---------- STORED DATA

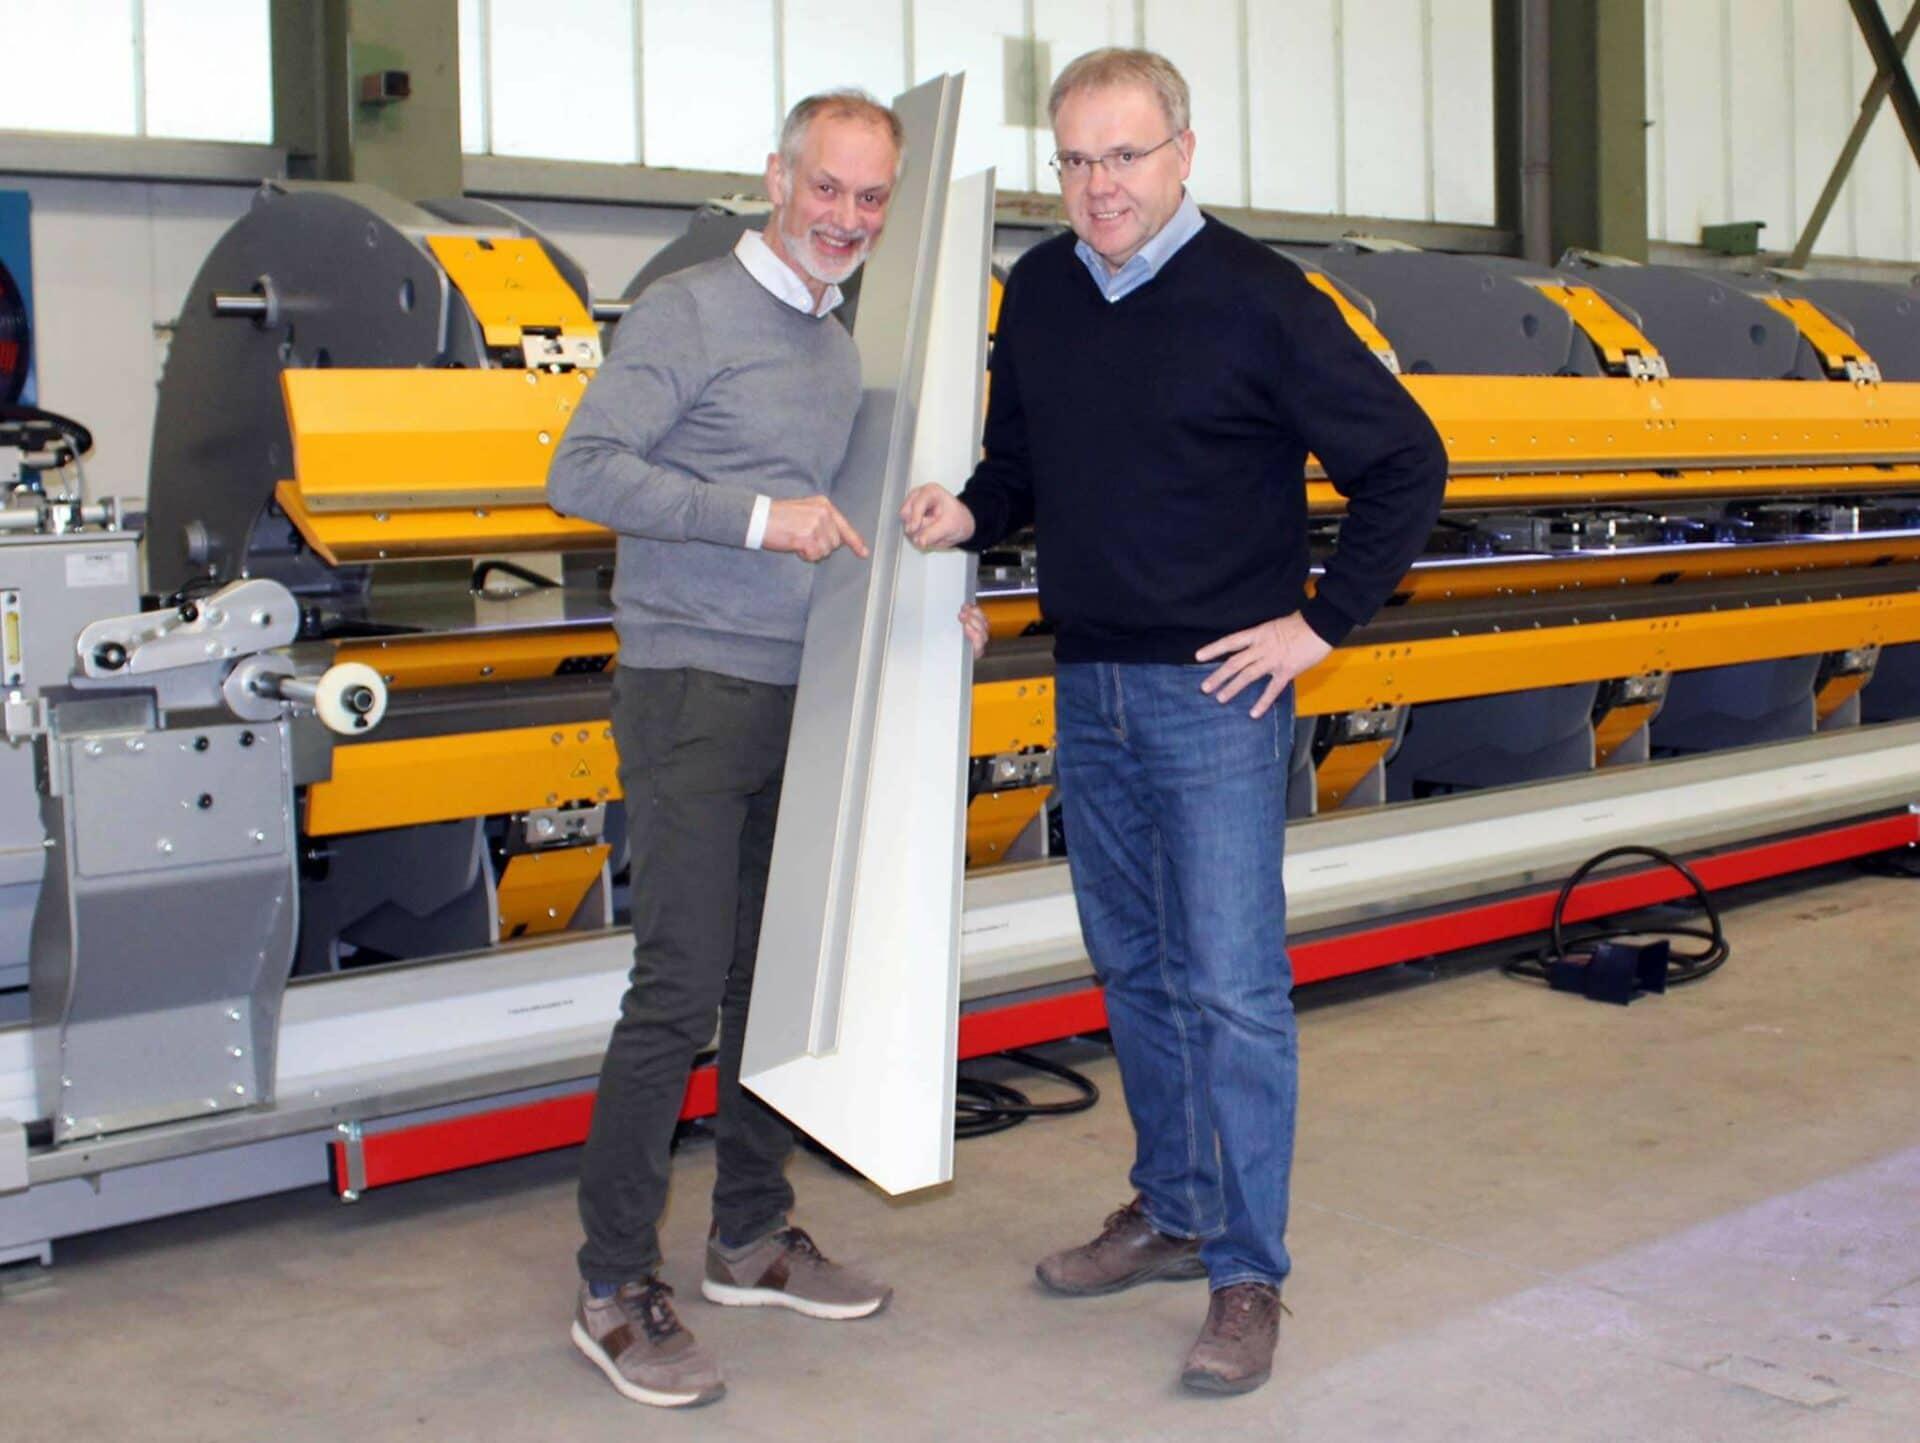 PERFEKTES ERGEBNIS:Marco Cappello (Geschäftsführer der THALMANN Maschinenbau AG) und Jürgen Stötzel (Niederlassungsleiter am Standort Kirchhardt-Berwangen) freuen sich über ein perfekt gebogenes Blechprofil.
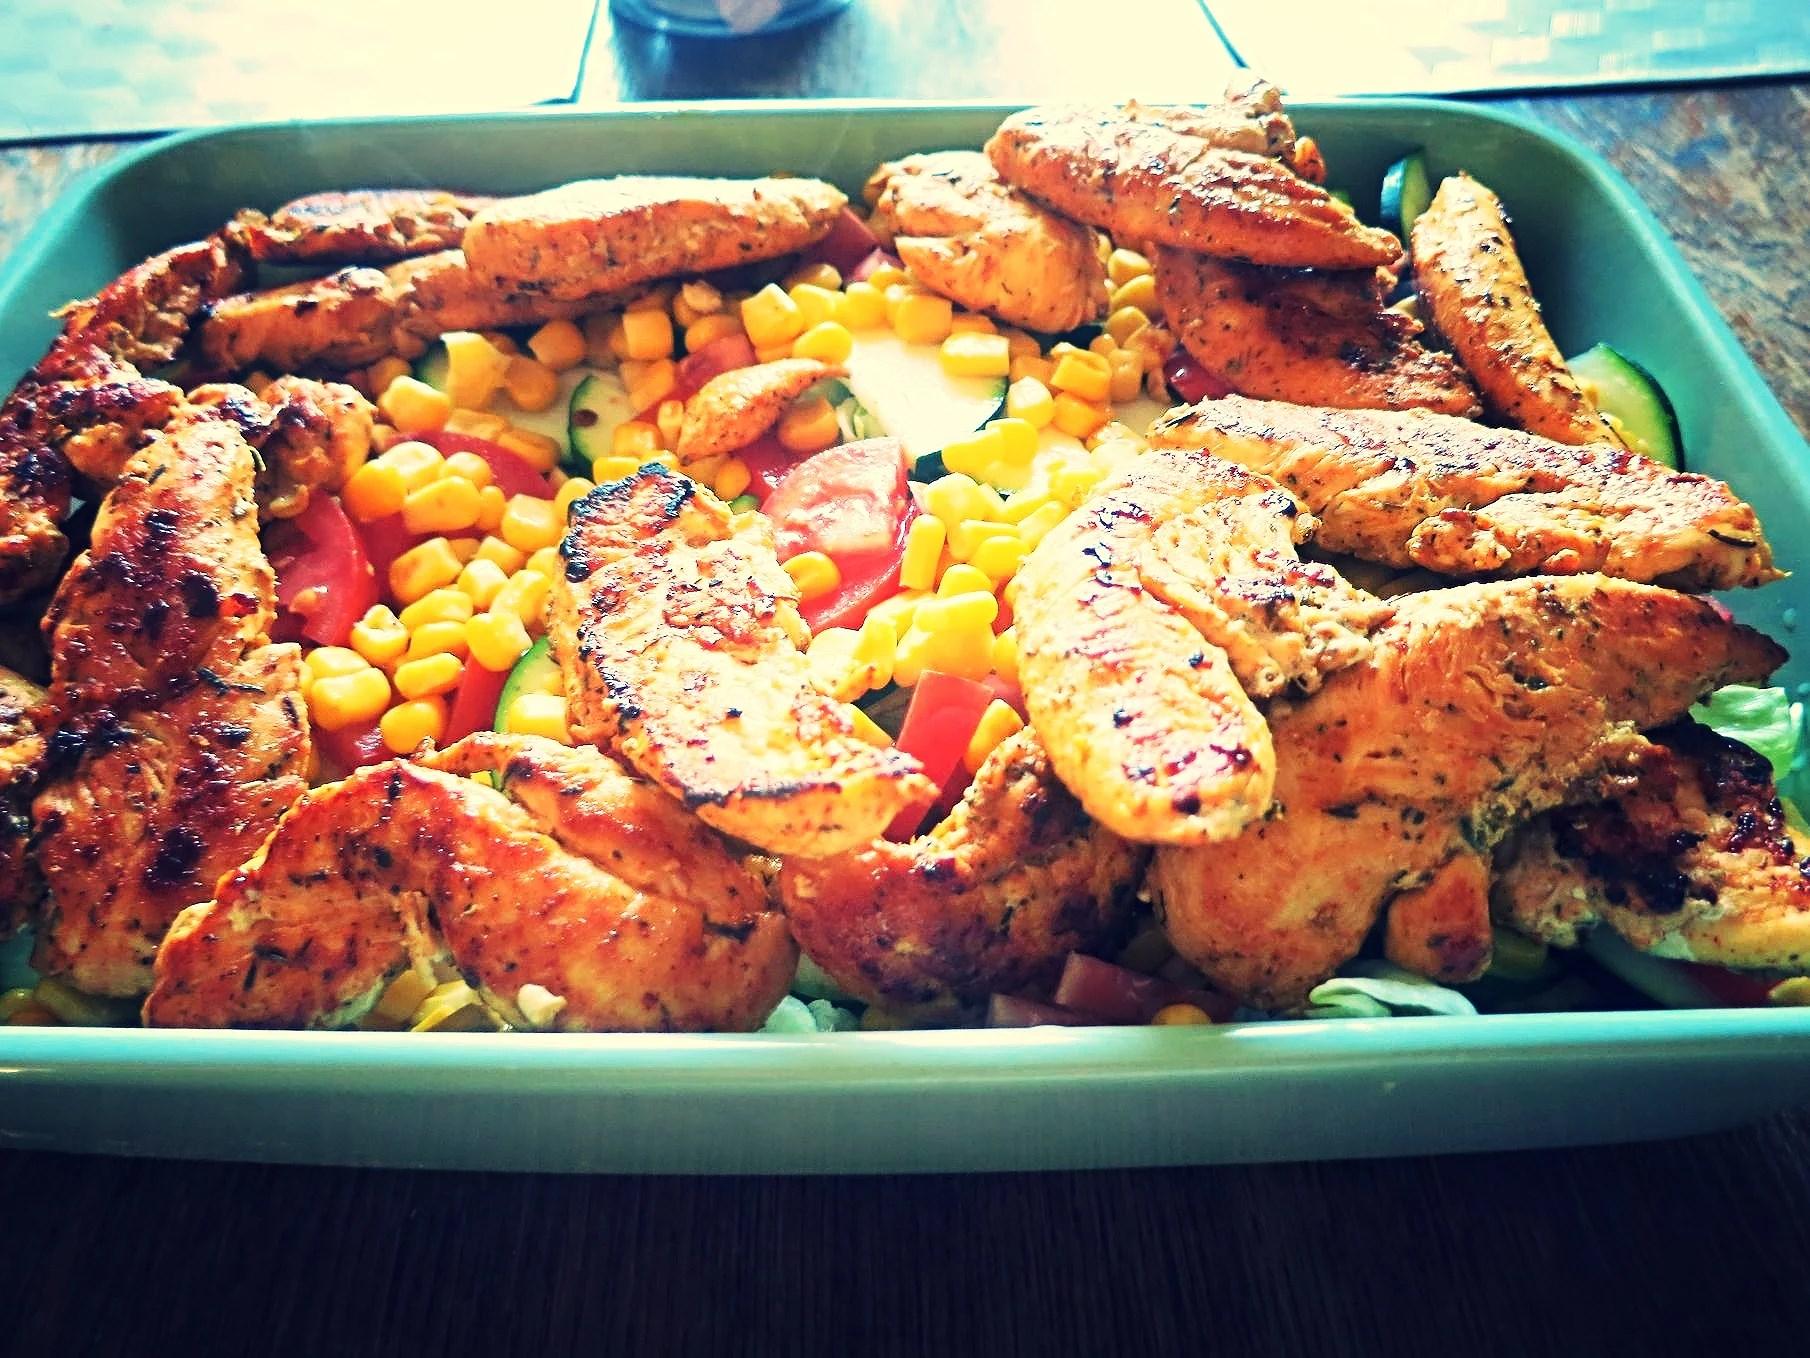 Lättlagad lunch
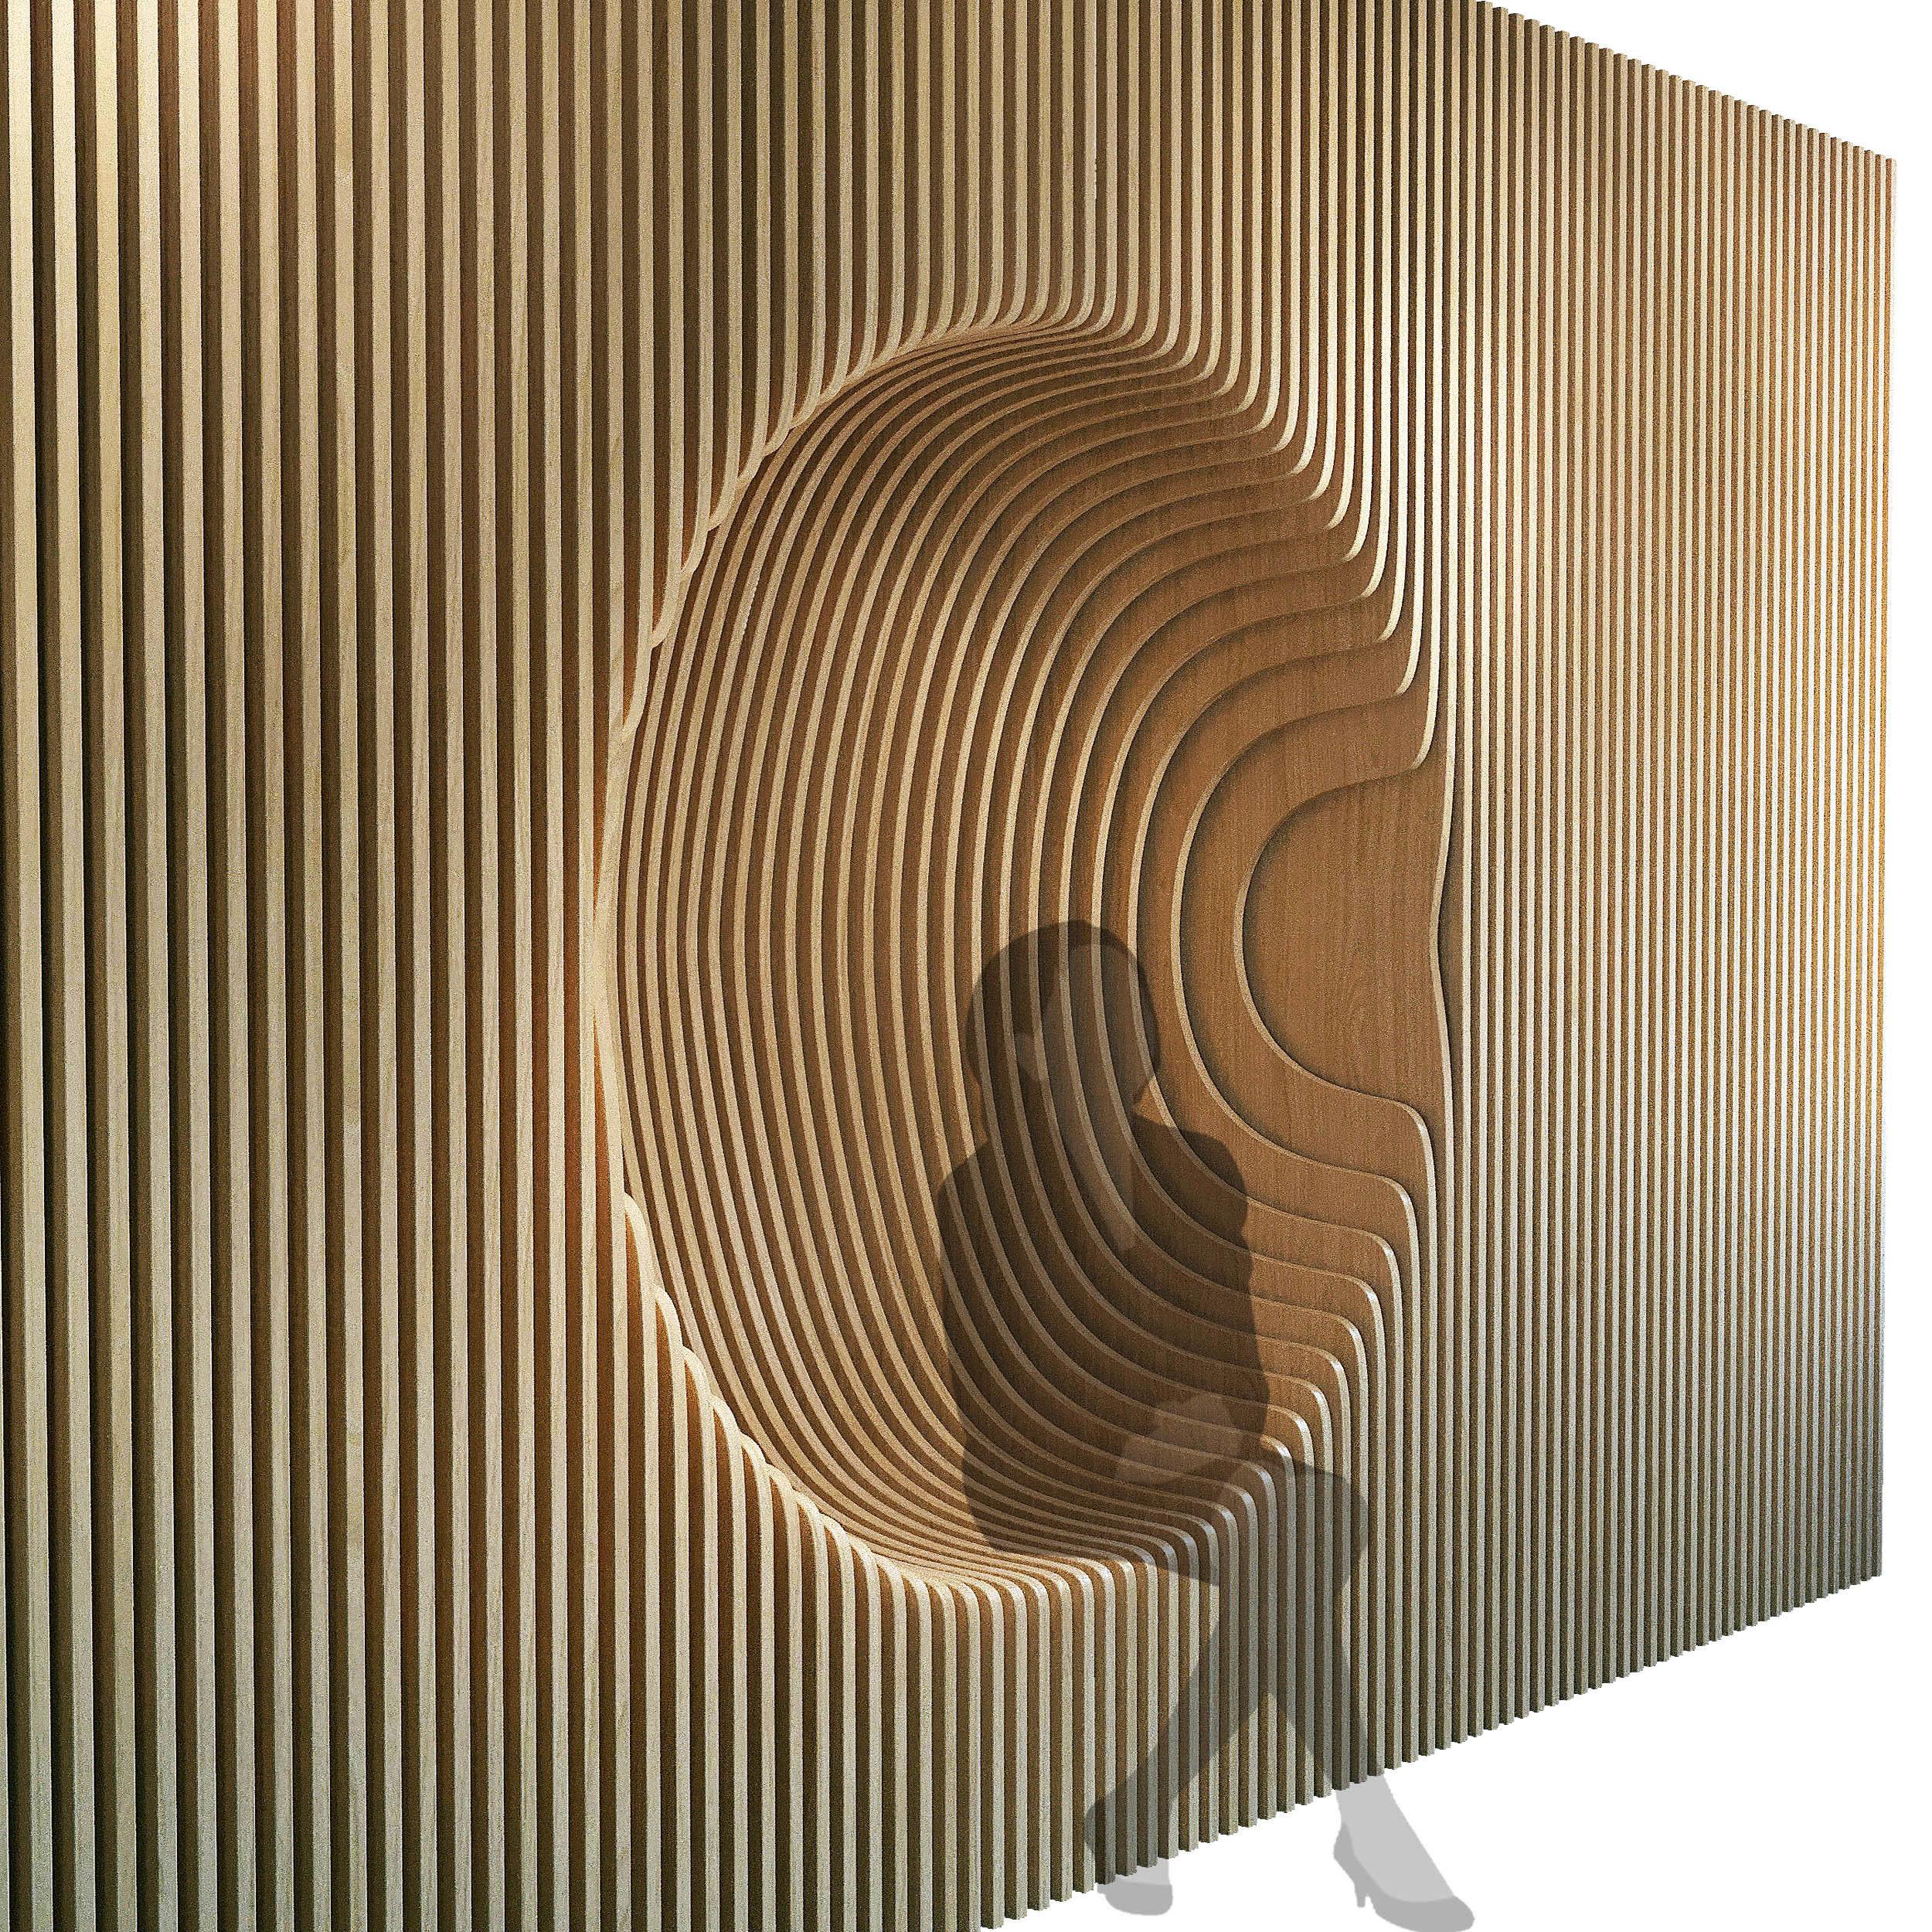 Parametric wall 011

--------------------

» **PROBLEM STATEMENT**:
Across all the lines above, repeat the wording exactly and omit the pictures.

» **ANSWER TO THIS PROBLEM**:
 PERFEKTES ERGEBNIS:Marco Cappello (Geschäftsführer der THALMANN Maschinenbau AG) und Jürgen Stötzel (Niederlassungsleiter am Standort Kirchhardt-Berwangen) freuen sich über ein perfekt gebogenes Blechprofil.
 Lättlagad lunch
 Parametric wall 011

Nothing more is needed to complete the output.